I have the FR88's in the pillars right now playing 250hz & up. I might have to pick up a pair to see if the coated aluminum cone has a smoother sound to it.


----------



## bafukie (Nov 23, 2007)

i was using them from 400hz all the way up.. i find them straining at higher freq..


----------



## dBassHz (Nov 2, 2005)

bafukie said:


> i was using them from 400hz all the way up.. i find them straining at higher freq..


How high did you have them playing?


----------



## Melodic Acoustic (Oct 10, 2005)

Ok I just feel I need to step in here. I will be making a very detailed post about the Fountek units and Fountek as a company later tonight. I will say this for now the FR89-ex is a FR88 with a plastic paint coating over the aluminum. So it well have a smoother or darker sound. It has been around for some time now. Just not state side. Because of the coating used it does have adverse effect on the top end.

And by no means is it the Trinity. As I have stated quite a few times, the difference in the H-Audio is that we only use top shelve parts in our products. The Trinity uses a Titanium/Magnesium Alloy cone. The copper used in H-Audio motor's is Grade A+ the highest available vs. the FR88 and FR89 which use grade C about the lowest/cheapest you can buy. Not saying the FR89ex is a bad unit as you know the FR88 is a great performer.

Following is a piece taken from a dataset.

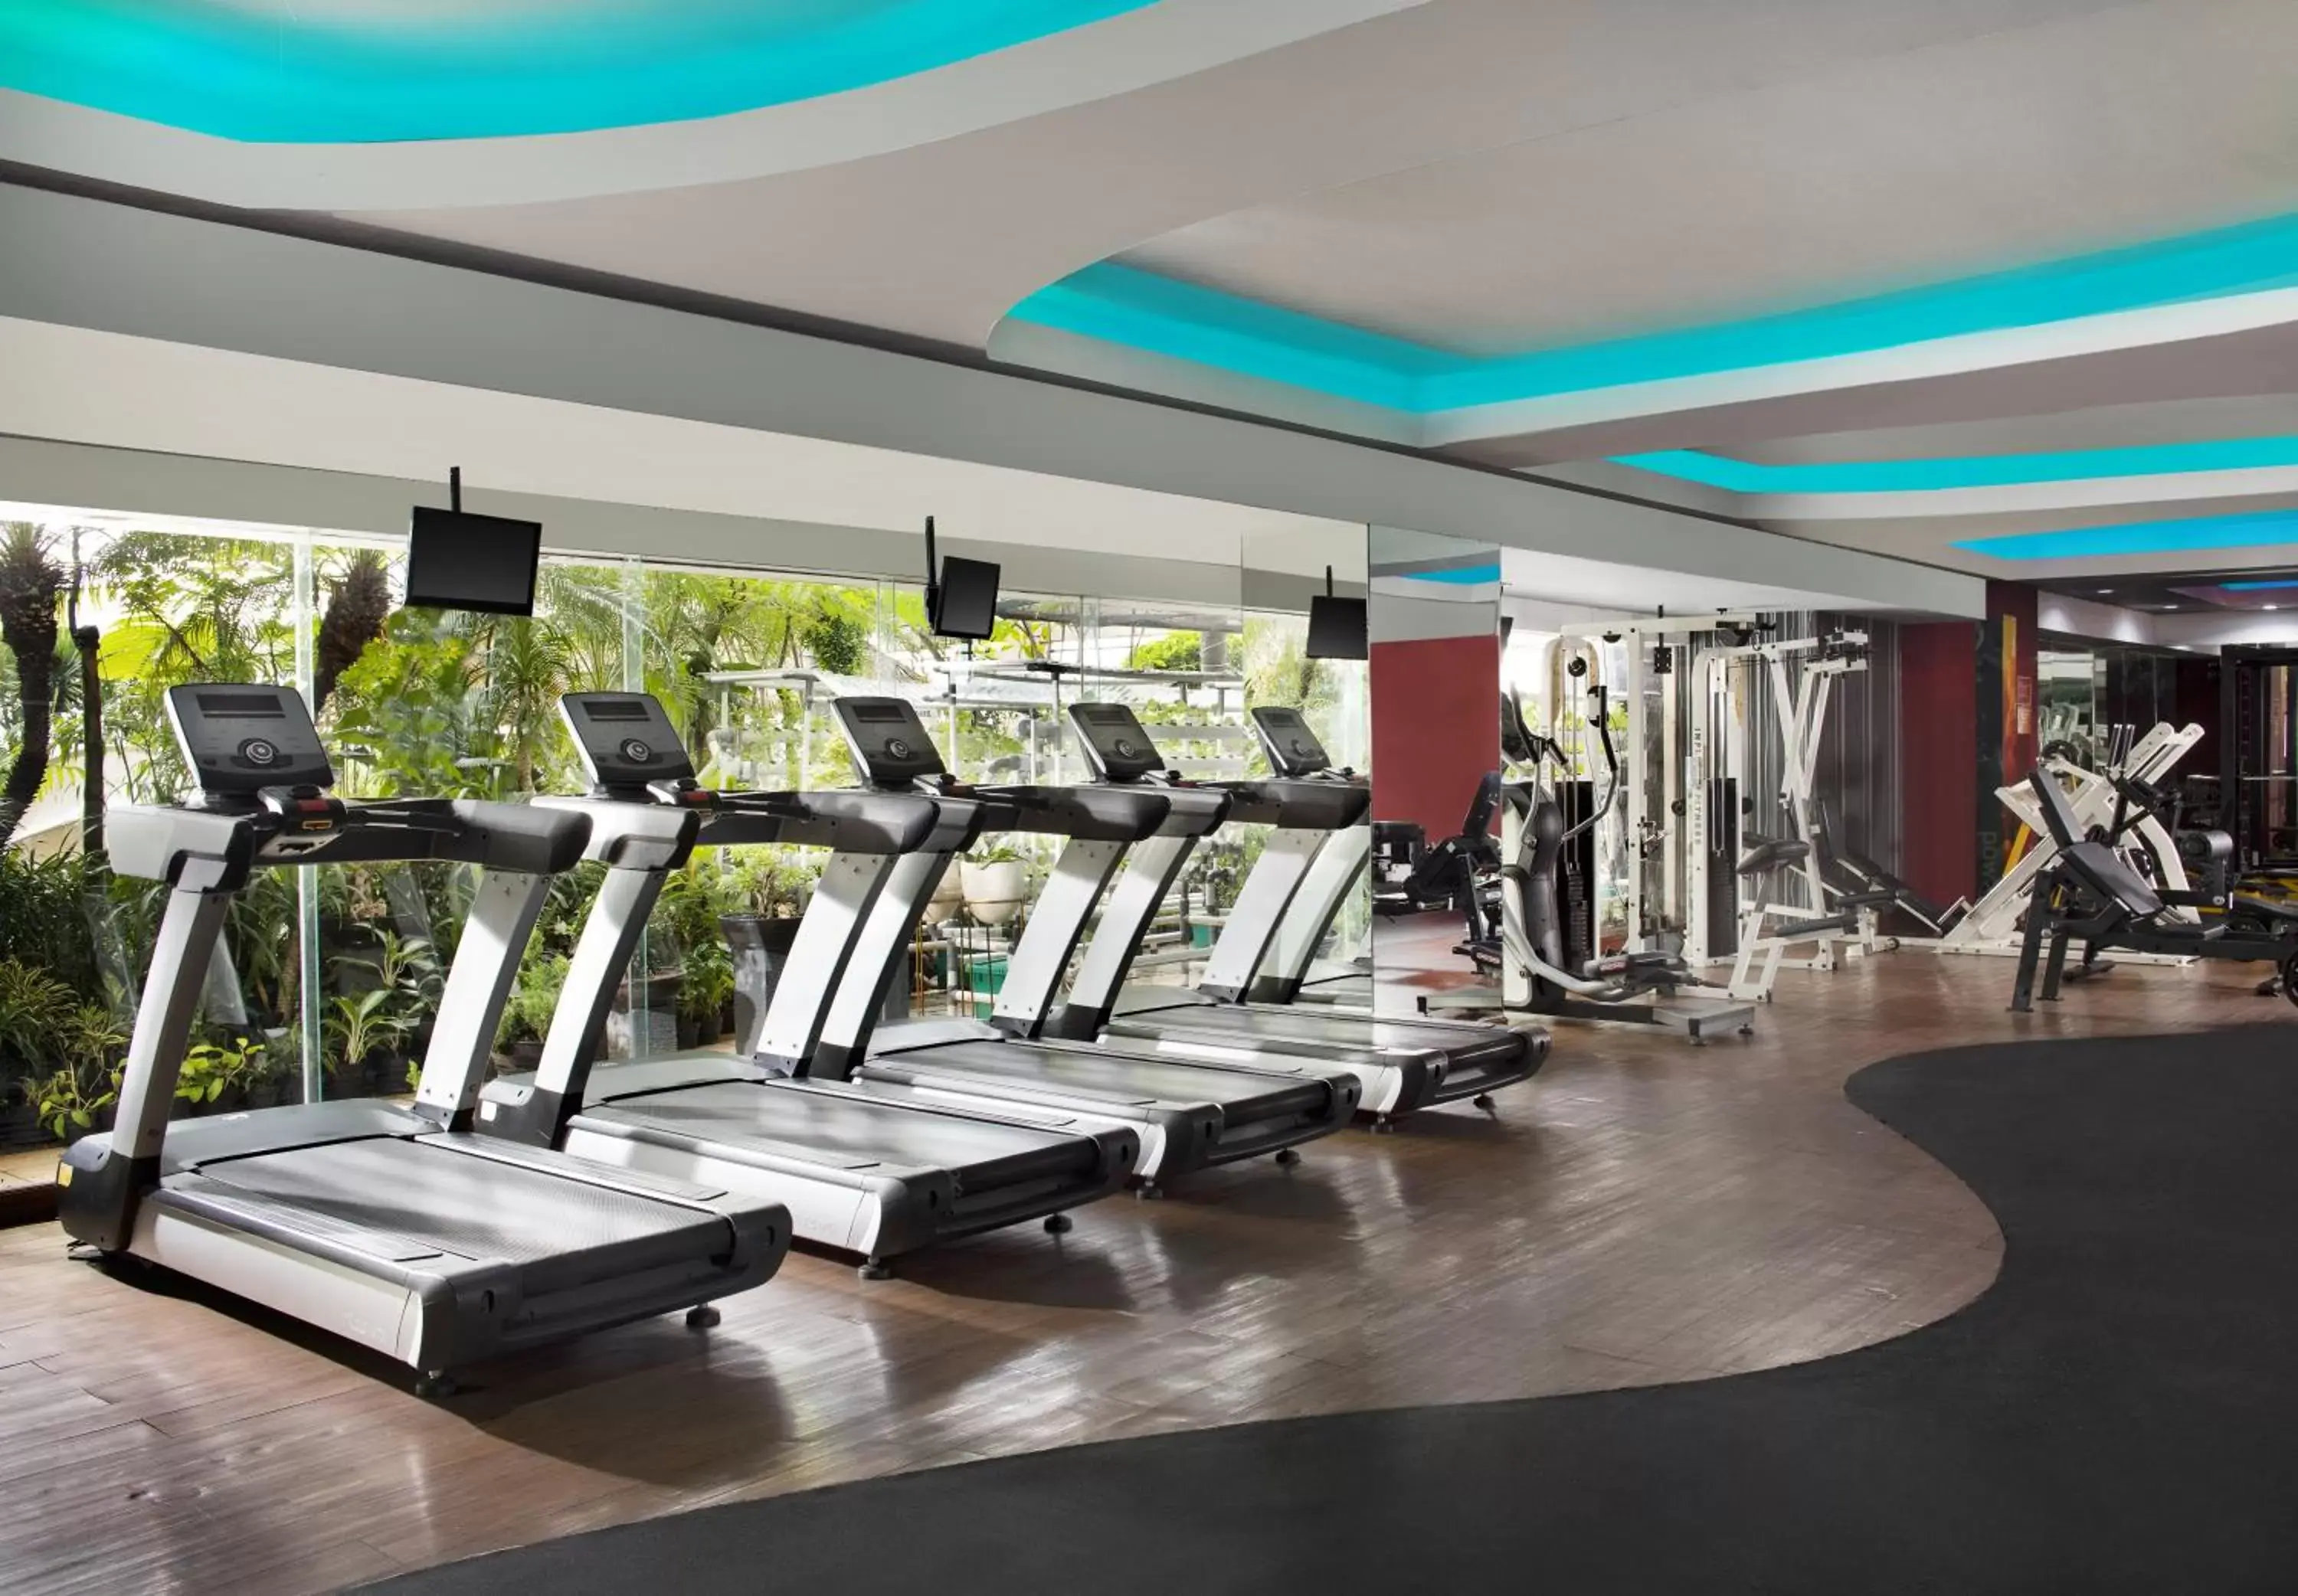 Fitness centre/facilities, Fitness Center/Facilities in Hotel Ciputra Jakarta managed by Swiss-Belhotel International
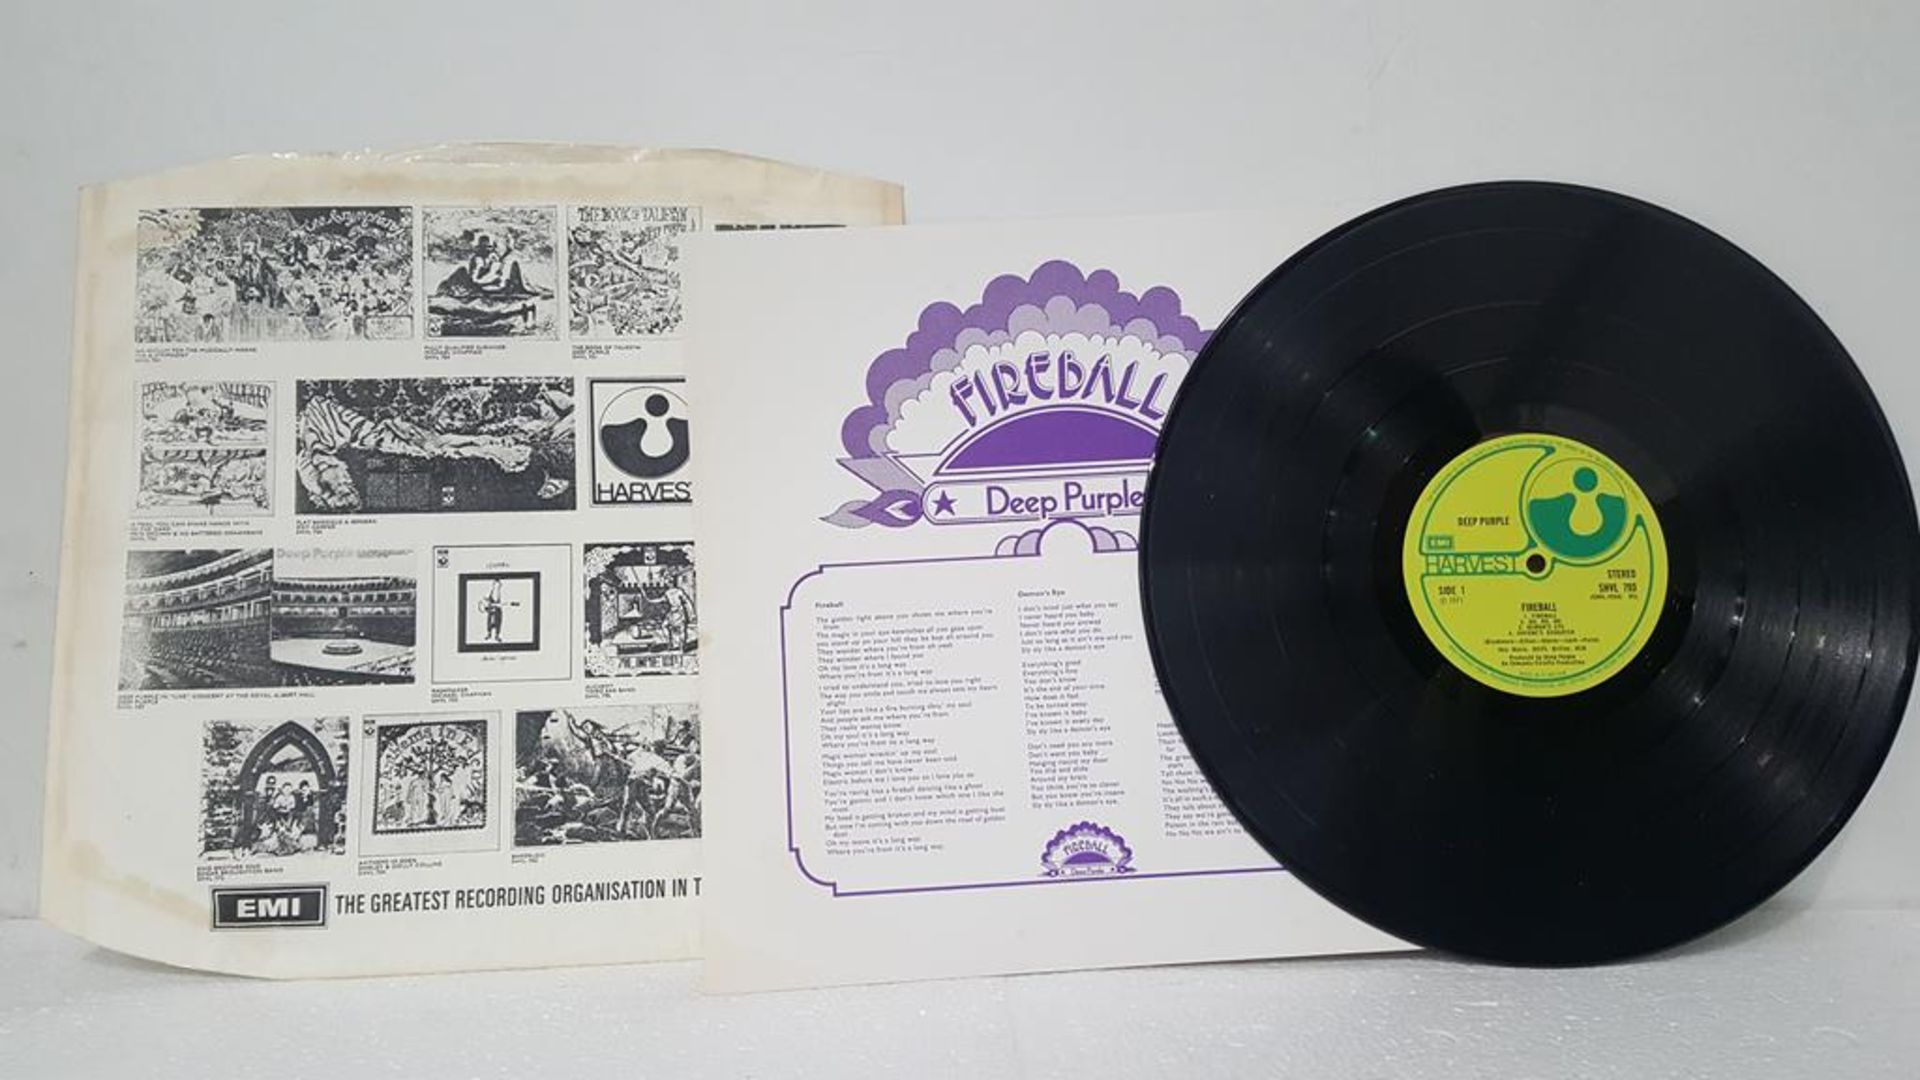 Deep Purple 'Fireball' LP - Image 4 of 5

More and the things that has transpired later.


----------



## bafukie (Nov 23, 2007)

dBassHz said:


> How high did you have them playing?


high pass at 400hz up.. no low pass


----------



## s4turn (Jun 17, 2009)

interesting.. as I have dented one of my fr88ex's  and looking to replace them

the 89's having a 46mm mounting depth? vs 38mm on the 88's?


----------



## friction (Apr 24, 2008)

In East Asia Side we know that this is a copy or affordable version of the H Audio/Hustler Bem.As Mark mention earlier, H-audio uses fine grade Denmark Made copper voice coils with Magnesium cone imported from the UK.The Bem Uses beryllium compound magnesium cone.Where as fountek uses aluminum cone and cheaper copper for the voice coil.

We were simply confused at first but after personally speaking with the master engineer this confusion was cleared.

H-audio even released their new versions with a new face and improved performance.They also have variety of cones e.g kevlar, ceramic, paper, pp Aluminum, Magnesium and Beryllium

I hope my explanation helps.Below some pictures of new designs from the H-audio group.


----------



## dBassHz (Nov 2, 2005)

friction said:


> I hope my explanation helps.Below some pictures of new designs of from the H-audio group.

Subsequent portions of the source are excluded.